Apparently the Court of Appeals did not find Apple's claims of irreparable harm any more plausible this time around than when that court denied Apple's last appeal in February 2014. That appeal attempted to delay the antitrust case at an earlier stage, blocking the court-appointed monitor.
Or perhaps the court doesn't expect Apple to have a very good chance of winning the appeal that would overturn Judge Denise Cote's ruling that Apple conspired with five publishers to raise ebook prices and reduce competition in the US ebook market.
That lawsuit was filed in 2012 following a 2 year long investigation by the US Dept of Justice and the attorneys general for 33 states.
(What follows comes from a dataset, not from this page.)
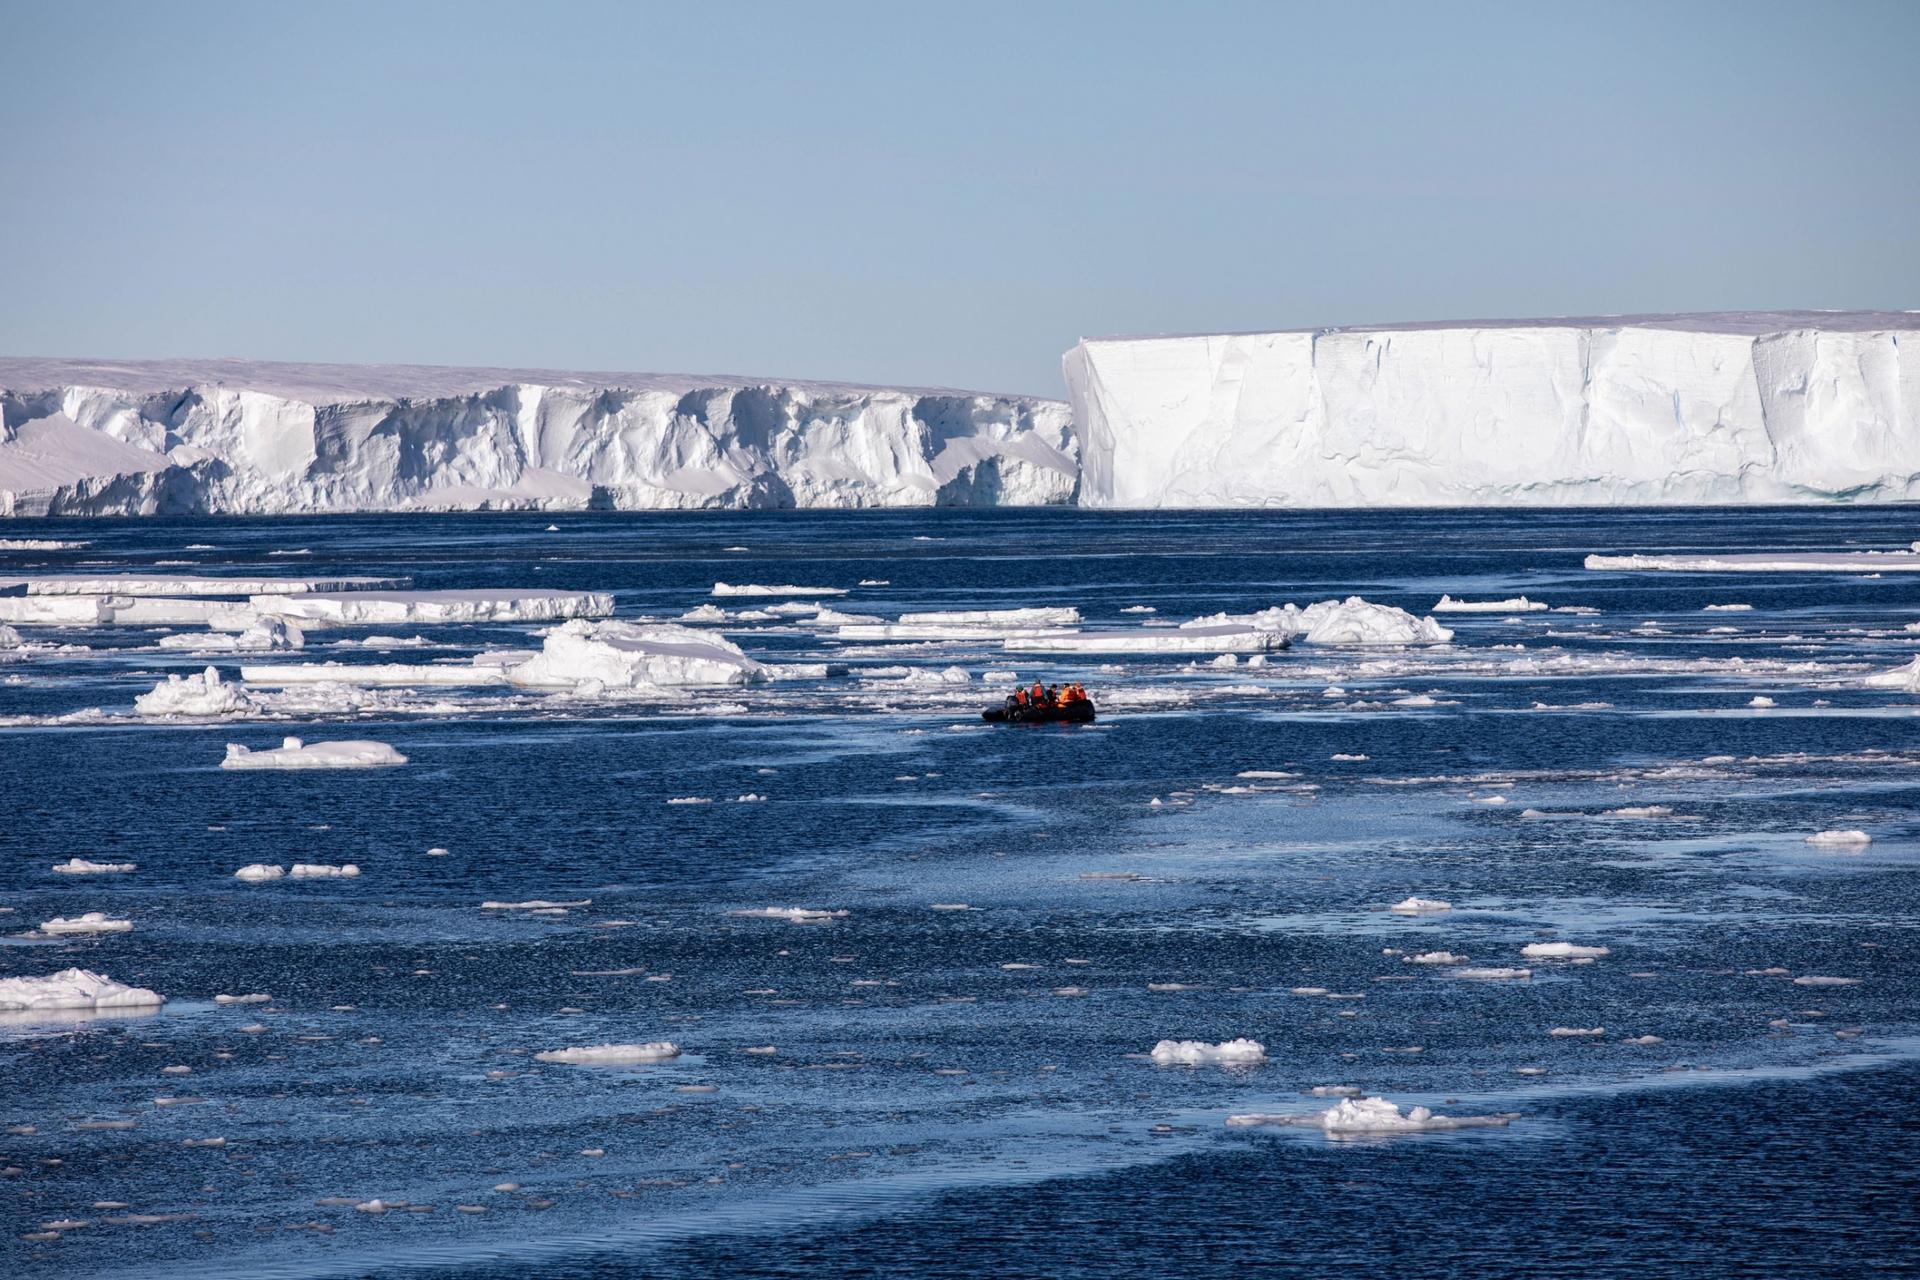 A Zodiac boat is shown off in the distance with several people aboard with large white floating ice all around.

That investigation led to charges that Apple conspired with 5 major US publishers to raise ebook prices in the US ebook market and prevent ebook retailers from competing on price. The 5 publishers (HarperCollins, S&S, Penguin, Hachette, and Macmillan) all chose to settle before the case went to trial, but Apple decided to defend itself in court. Apple lost the case on 10 July 2013, and they have been vigorously fighting a rear guard action ever since.
Given that Apple settled a similar case in Europe before it could go to trial, I am more than a little puzzled that Apple fought the US case so strongly. And given that Apple is facing damage claims in the range of hundreds of millions of dollars, it makes even less sense for a company to fight over what is effectively less than half of a percent of its cash reserves.